__EXERCISE GOAL__
With the pictures omitted, print exactly the lines below, from the one containing "1943 Syrie - régiment" through the one containing "Resume writing service india", and nothing else.

** Opening INFORMATION GIVEN block **

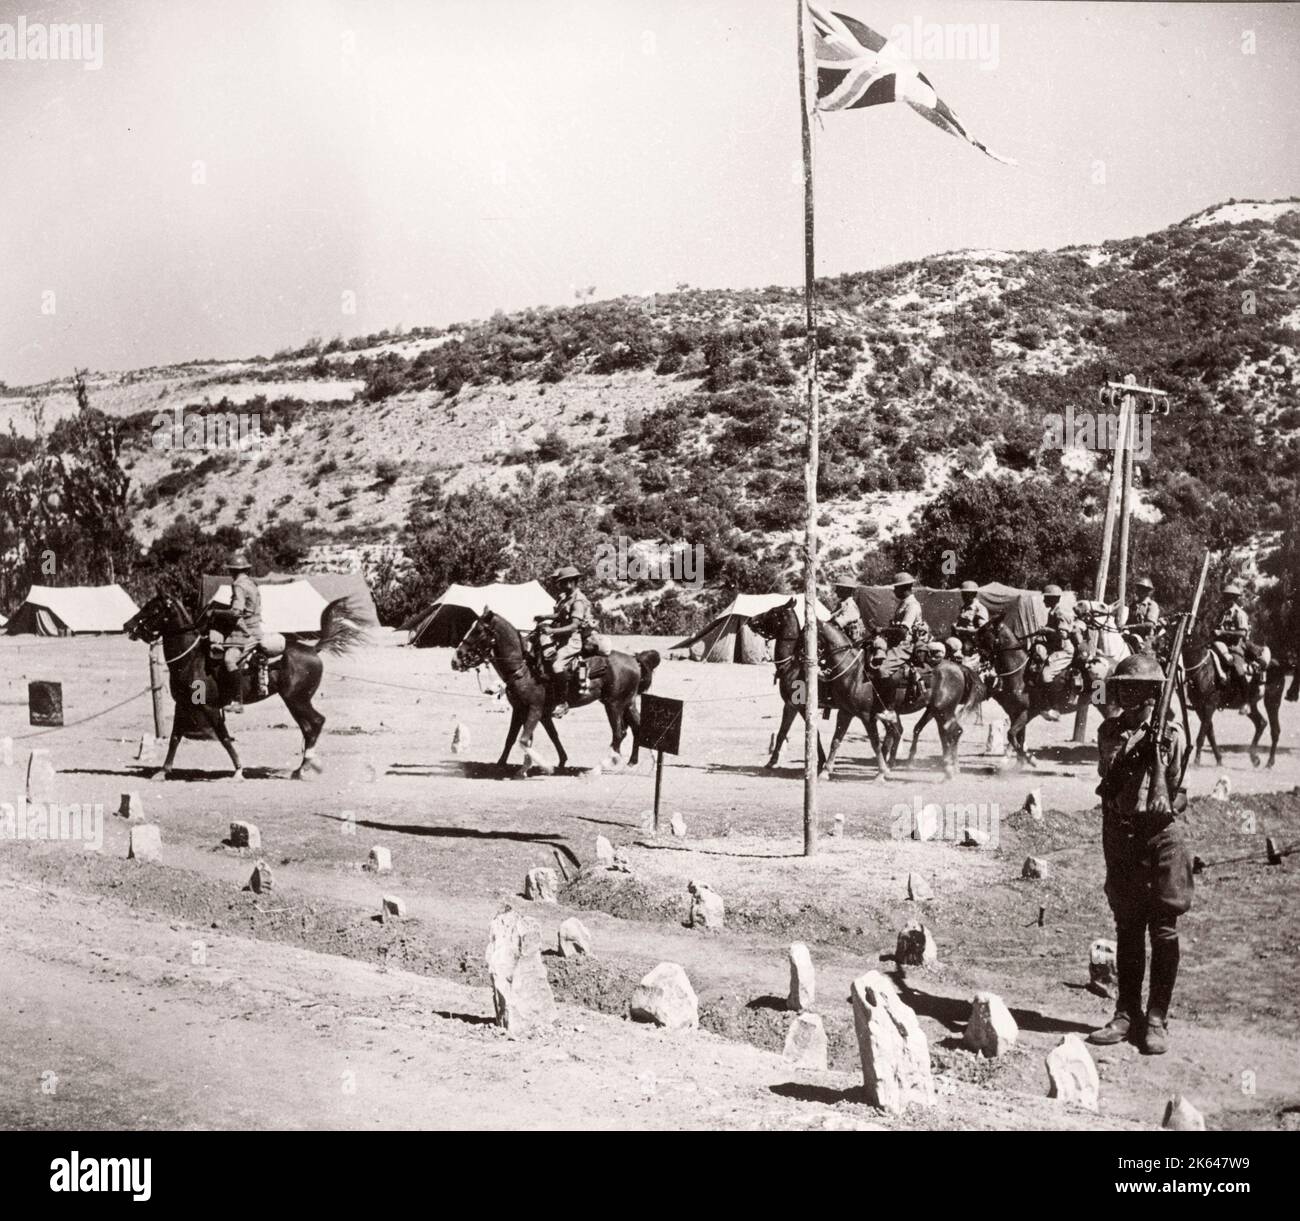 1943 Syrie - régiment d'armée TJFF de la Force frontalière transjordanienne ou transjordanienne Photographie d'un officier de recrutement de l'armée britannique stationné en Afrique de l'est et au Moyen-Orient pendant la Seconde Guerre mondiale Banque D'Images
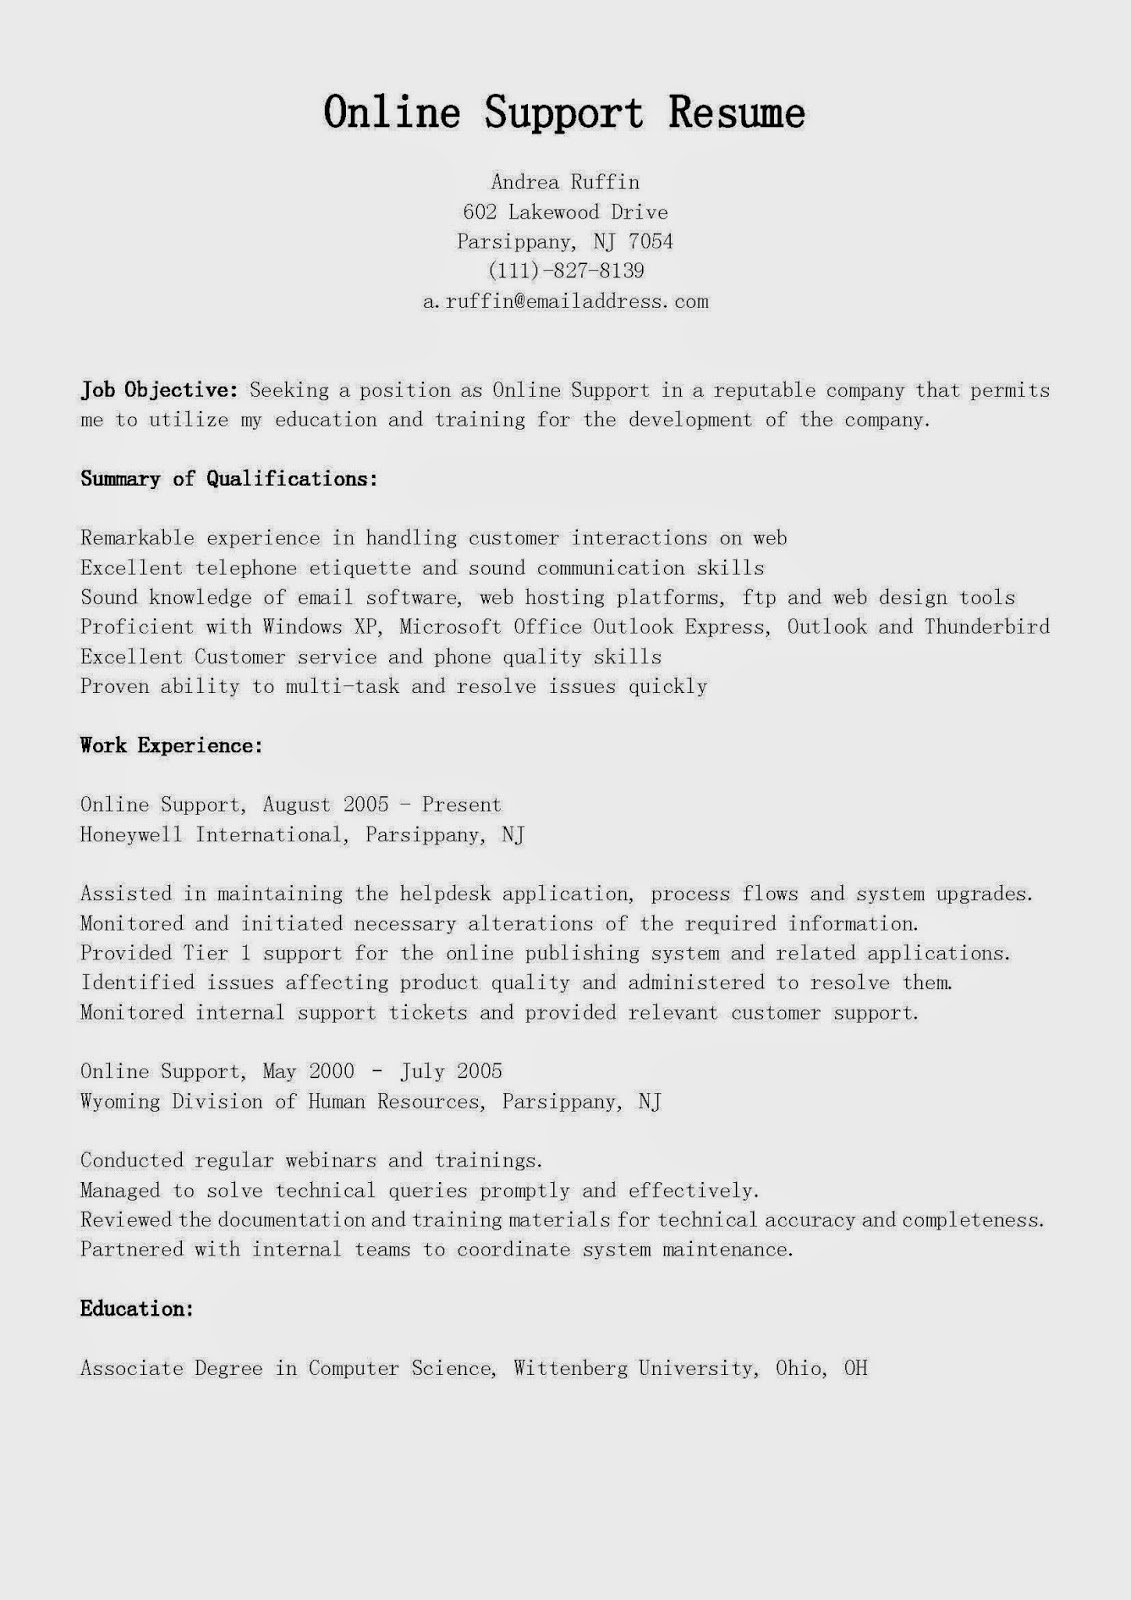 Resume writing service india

** Closing INFORMATION GIVEN block **
** Opening INFORMATION GIVEN block **

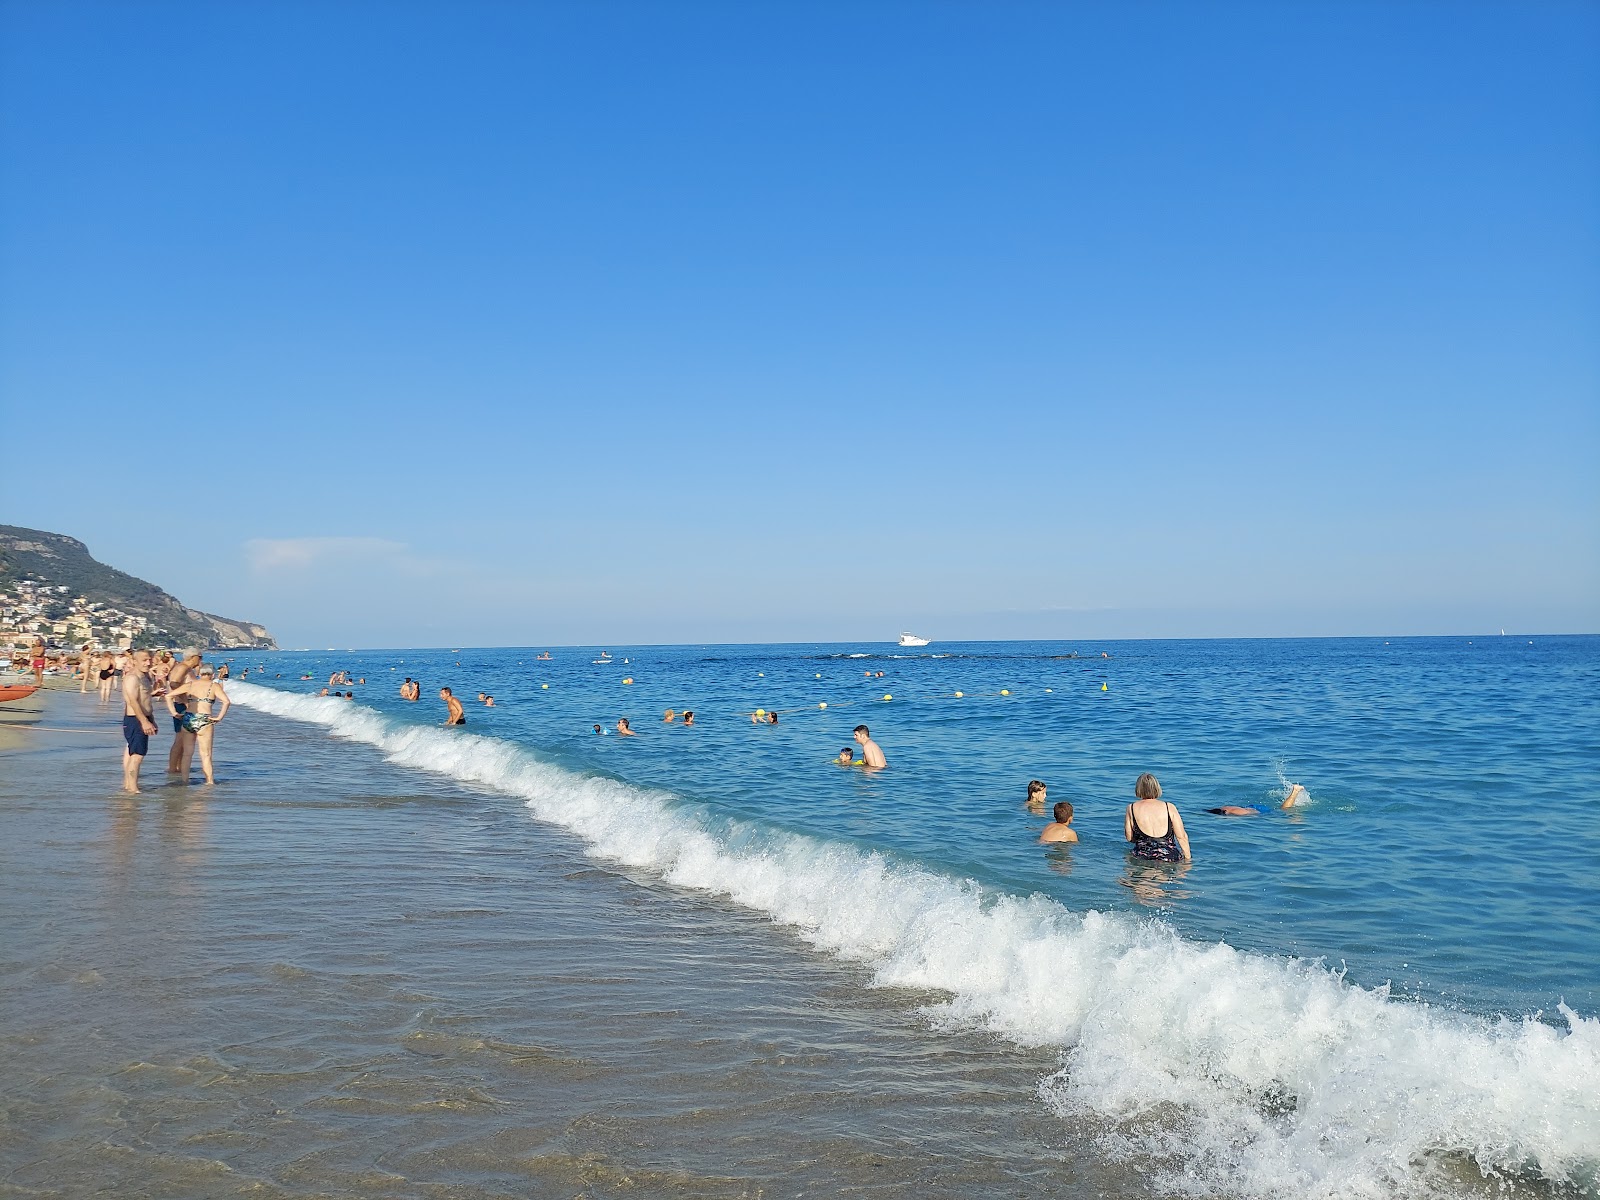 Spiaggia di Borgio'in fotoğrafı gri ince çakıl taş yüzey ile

** Closing INFORMATION GIVEN block **
** Opening INFORMATION GIVEN block **

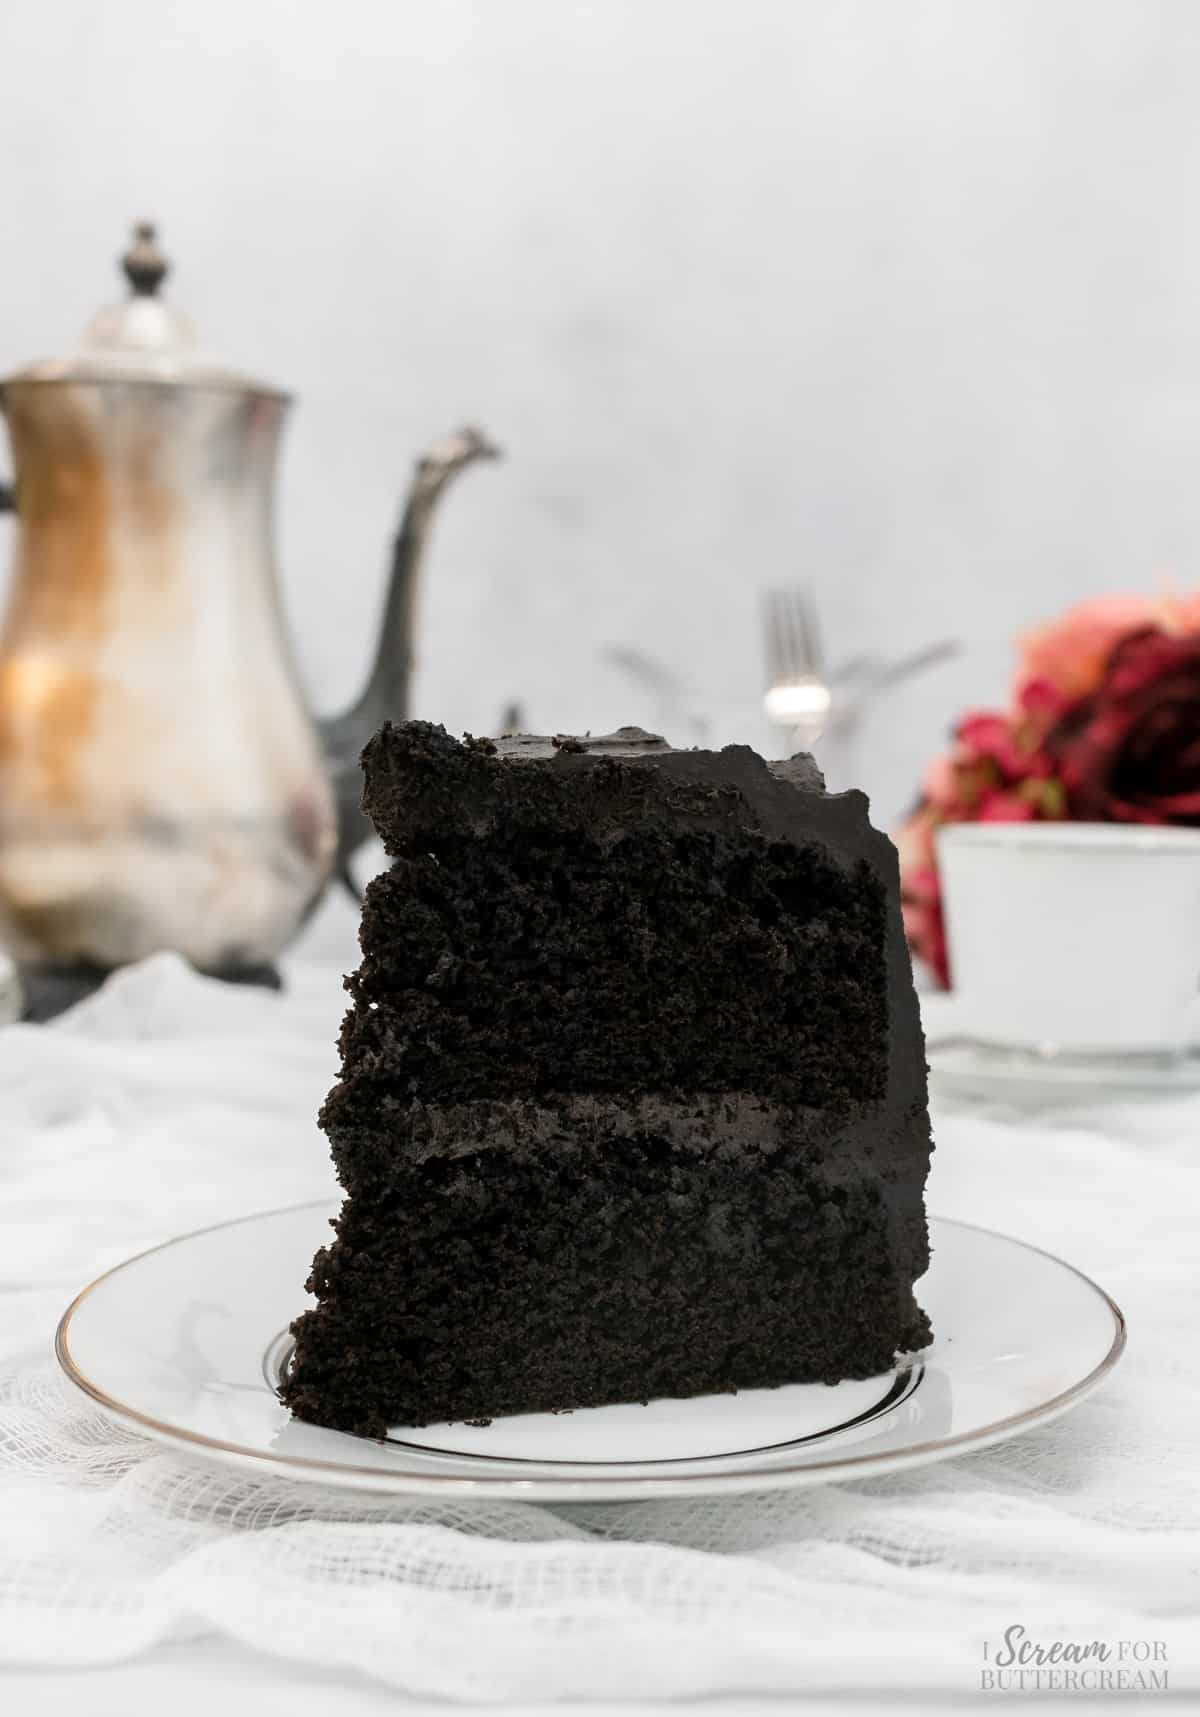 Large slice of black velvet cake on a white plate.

** Closing INFORMATION GIVEN block **

__RESPONSE__
 1943 Syrie - régiment d'armée TJFF de la Force frontalière transjordanienne ou transjordanienne Photographie d'un officier de recrutement de l'armée britannique stationné en Afrique de l'est et au Moyen-Orient pendant la Seconde Guerre mondiale Banque D'Images
 Resume writing service india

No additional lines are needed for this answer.